Even the most advanced economies are far from perfect. The current structures of highly developed economies come with not only wealth and money, but also costs and pain. Youth without decent work prospects, adults losing a sense of life’s purpose, and the elderly left by the wayside all drain a society’s productivity. In addition, we now know that degeneration of the natural environment is well under way. While we strive for so-called economic success, we end up endangering our very livelihoods.

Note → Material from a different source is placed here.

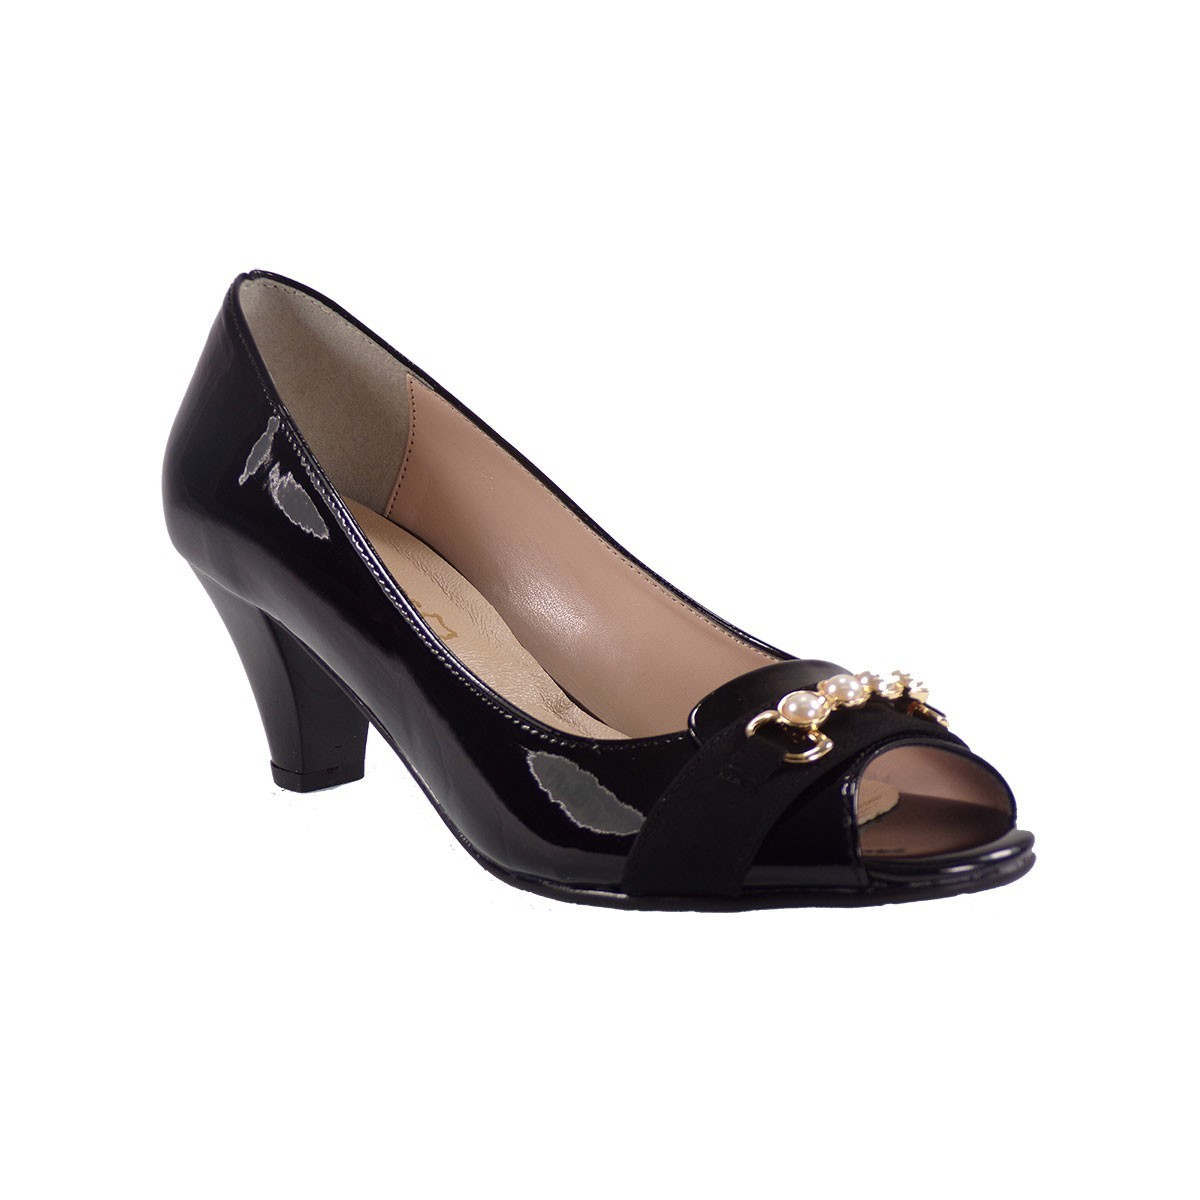 Katia Shoes Γυναικεία Παπούτσια Γόβες 89-872 Μαύρο

Researching the effects of social and environmental damage, and making the link with the value of voluntary work in the community—work that repairs and protects socioeconomic integrity—should convince us of the need for policy intervention right from the start, not just when carelessness has already solidified in statistics of crime and disease.
Interdependent Economy vs. the Growth Paradigm
People and societies, no matter how basic or primitive, are always economically active. They must always be fed, clothed, and housed at the very least. However, it is only at higher levels of societal complexity that we begin to ask ourselves about the best ways to fulfill our needs of livelihood. The discipline of economics was thus created to answer this fundamental question.
It seems that in the 21st century, when livelihoods are so globally connected, we must ask another question: How did we come to lose that initial and basic economic purpose? How come we now only ask ‘How can our economies grow?’ and stop at that? How come we now equate a healthy economy with constant growth, even when that leaves billions of people impoverished, jobless, and falling behind? GDP has become the ultimate economic indicator that leads our thinking, and it measures only growth. It does not inform us about the livelihoods of people, nor their empowerment to control their economic lives. In fact, these have become matters of second importance, or of no importance at all.
In the book Interdependent Economy, I describe an economic view that is inclusive. It includes all sectors of our economic lives: formal markets, informal markets, and nonmarket activity. It includes the economic lives of all 6.5 billion people of this planet and respects their different economic cultures. An economic culture primarily bent on growth is inherently exploitative and implies a struggle for markets and the survival of the fittest. When will we, this human race, decide to rise above the lifestyle of the jungle? When will we opt instead to foster livelihoods, and follow an economic policy that is perpetually wealth-creating for all?
My views of Interdependent Economy are embedded in a long personal path of Buddhist mind training and transformation. Such training results in the recognition of life and value in each and every individual. But as many individuals together we also exist interdependently. Therefore, when defining strategies and choosing methods to organize our societies, we must keep in mind the universal values that connect us all. ‘Do not harm’ is one Buddhist tenet that serves us all and can be universally applied. In economics this translates to ‘Do not harm the livelihoods of others’. In global economic relations this means ‘Do not harm the productive potential of other economies, however small and undeveloped’. And in international trade this amounts to ‘Do not take markets that others need for their bare survival’. But life is more than just to do no harm, and so says the Buddhist creed: ‘Do your utmost to serve others’. By expressing my views in Interdependent Economy, I have attempted to serve the world and inform the reader about important universal values of human livelihood.
Liem Giok In is author of the book Interdependent Economy: From Political Economy to Spiritual Economy.